Auto Bondo or Dura Glass!


----------



## mrgins (Jan 19, 2009)

I always cut the jamb where it becomes solid wood, fashion a new piece of door jamb, prime it (or use Azek) and use a strip of plywood to sister it to the existing frame. It holds better than bondo and it'll hold the closer bracket for the storm door that will prevent rot in the future


----------



## joecaption (Nov 30, 2011)

You can mess around with that cheap door until the cows come home and it still would be a cheap door prone to rotting and rusting.
If it was mine I would order a new fiberglass door, vinyl jams, vinyl brick molding, adjustable sill, double bored.
While the door is out add one of these under the door.
http://www.jamsill.com/
This way the threshold will never leak back into the house, and the door will be come a non issue forever.
Any time we get stuck have to install a cheap door like yours we try talking the customer into at least letting us wrap the jambs with aluminum coil stock and change the wooden brick moulding to vinyl.


----------



## mrgins (Jan 19, 2009)

An effective fix is cheaper than a new door and the pan protects the area of framing below and beyond the door, not the door frame itself


----------



## EvilNCarnate (Jan 27, 2011)

I cant tell for certain but it looks like the sill was installed level, so it allows water to sit on the sill. I have in the past patched up mine, similar to what mrgins said. Cut the wood out past the rot, this can take a few cuts because rot may be further on the back of the wood than the front due to weather drying the face out quicker. Patch in a new piece, if its an area prone to water exposure I always use treated lumber. Typically the wood is a little larger than kiln dried non treated lumber, or if you are in an older home where a 1x6 was 6" you will need to rip a board to the right size. After patching in the wood sand the joint just below flush and then get some bondo from walmart or an auto parts place. Mix a small amount and fill and sand the seam flush again. Prime, paint and finally silicon (caulk) where the sill meets the jamb so future water doesnt soak into the wood. Maintenance wise make sure any wood surfaces exposed to elements are checked for caulking annually as well as repainted if showing any cracking, chipping or wear. 

Oh and get some gutters.

Edit: also looks like its soaking all the way through the door, staining shows up long after rot starts. I wouldnt be surprised to find some rot on the actual 2x4's of the door frame. Hopefully its minimal and can be dried out, treated, filled and protected for a good future.


----------



## AGWhitehouse (Jul 1, 2011)

Step #1: Install Gutters
Step #2: Replace Door & Frame (Or just frame if you want)
Step #3: Cold drink


----------



## joecaption (Nov 30, 2011)

Never use pressure treated if you insisting on not fixing this right.
It's going to srink when it drys out, Paint will not stay stuck to it. 
You would have to wait a few months for it to dry out enough to seal.
If any material is removed from it, the exposed area is no longer pressure treated, only ACQ fastners would be able to be used.


----------



## AGWhitehouse (Jul 1, 2011)

joecaption said:


> Never use pressure treated if you insisting on not fixing this right.
> It's going to srink when it drys out, Paint will not stay stuck to it.
> You would have to wait a few months for it to dry out enough to seal.
> If any material is removed from it, the exposed area is no longer pressure treated, only ACQ fastners would be able to be used.

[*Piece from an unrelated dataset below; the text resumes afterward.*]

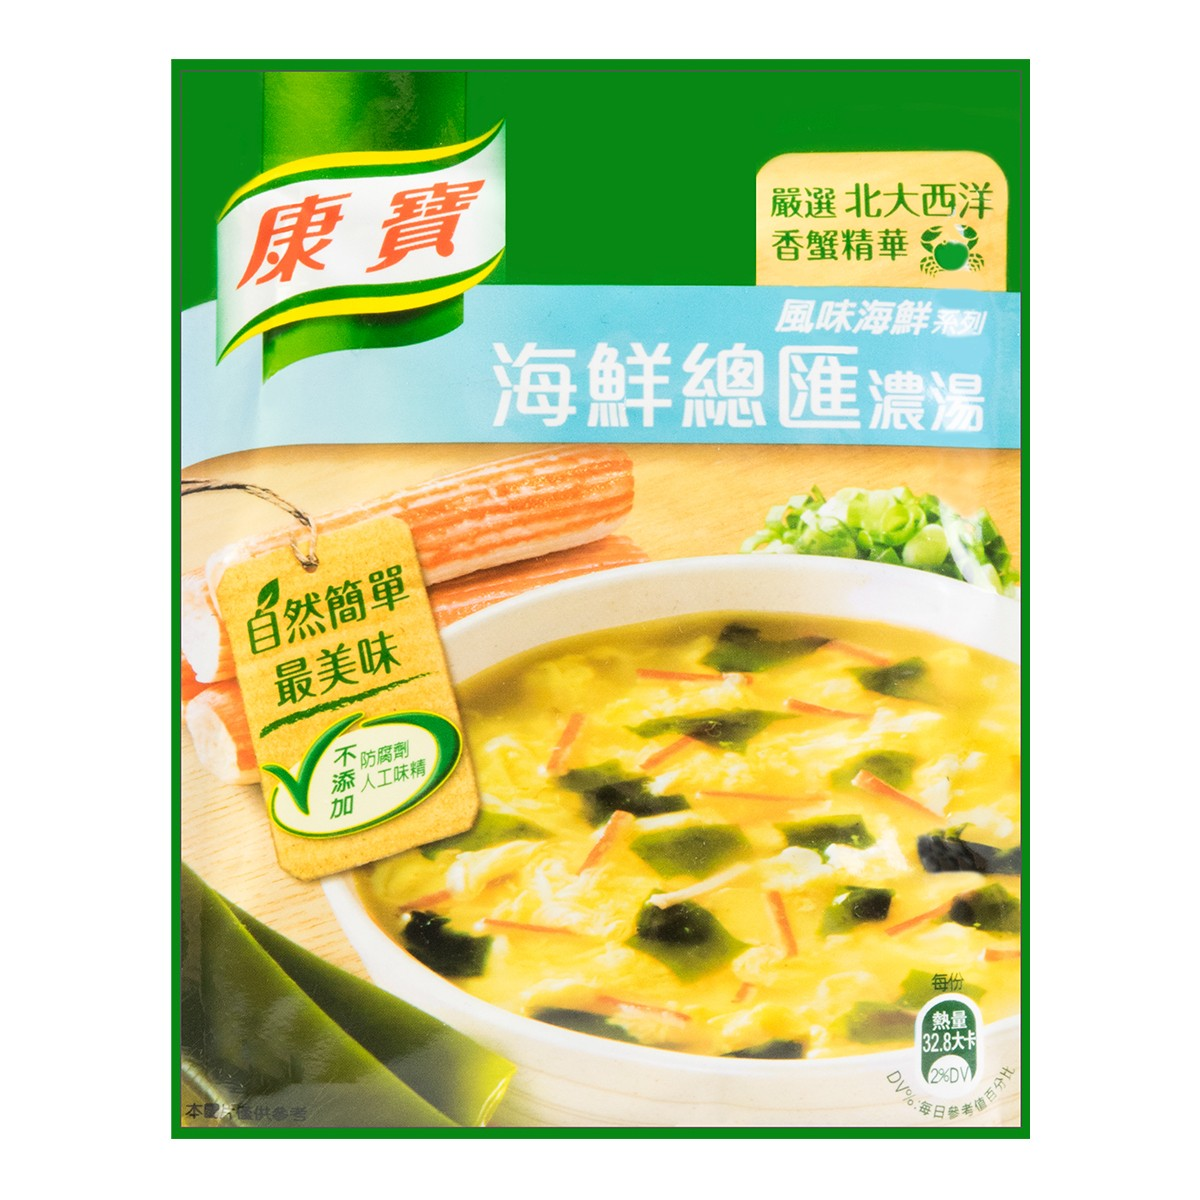 KNORR Seafood Series Seafood Soup 38.3g

+1...if rot resistance is the goal, then pvc trim is the route to go...


----------



## joecaption (Nov 30, 2011)

Does everone here know that doors like that one can be ordered with a Composite already finger jointed at the bottom?


----------



## mrgins (Jan 19, 2009)

joecaption said:


> Does everone here know that doors like that one can be ordered with a Composite already finger jointed at the bottom?


Yes, but I don't know how effective they are.


----------



## joecaption (Nov 30, 2011)

Better then nothing, your stull stuck with a wood frame that no one ever seems to take the time to paint untill it's to late.
When those doors come new there's a sticker right on the door that says paint within 24 hours of installing with 100% latex paint, never paint the door a dark color. How many times have we all seen just primed and never painted doors rotted and rusted out or the paints shot, the gaskets in the windows are no good anymore from the door getting so hot.


----------



## mrgins (Jan 19, 2009)

You're right, the door and frame need to have a finish coat, but the composite at the bottom still has a joint where it meets the wood part of the frame. Also, I believe it's Thermatru doors that have the gaskets that stand up to high temperatures. I've replaced them on doors of other brands too. Up here in Vermont, the only way to protect the surface of an exterior door is to install a storm door, and as you said, don't paint it dark


----------



## EvilNCarnate (Jan 27, 2011)

joecaption said:


> Never use pressure treated if you insisting on not fixing this right.
> It's going to srink when it drys out, Paint will not stay stuck to it.
> You would have to wait a few months for it to dry out enough to seal.
> If any material is removed from it, the exposed area is no longer pressure treated, only ACQ fastners would be able to be used.


Paint will too stick to ACQ, and it wont take months to dry out. I typicall store my building project boards in my garage for a few days to let them dry out enough (surface wise) for paint. I repaired my garage door casing completely out of pressure treated and painted it, no noticeable shrinking, no paint peeling stood up to a Spring rain, Summer scorch, Fall drying and Winter winds for a year now. 

The cut areas wouldnt be exposed as they should be painted. Using ACQ treated lumber reduces the chances of having to do this repair again in 5 or 10 years if the water issue isnt immediately addressed. As well if he cuts the board so the cut end meets the original wood and if he has to rip a board to width he can make that cut on the inside edge. Leaving the fully treated surface on the outside and also leaving the milled edge on the outside. Ultimately he could go the recommended route with treated lumber and brush on treatment on any cut edges but I have yet to see anyone do that. Even I dont, I just try to keep my cut edges where they will receive the least exposure.

ACQ fasteners are simply hot dipped or coated fasteners, they arent exactly specialty fasteners that are going to break the bank. 

I see it as a very feasable option for a repair in an area that obviously has moisture related issues. If he cant alleviate the moisture issues completely then at least he can mitigate the possibility of rot.

There are a hundred ways to do this, I presented one. Not everyone wants to go out and buy a 400 dollar door when they can make a 20 dollar fix to a perfectly good one.


----------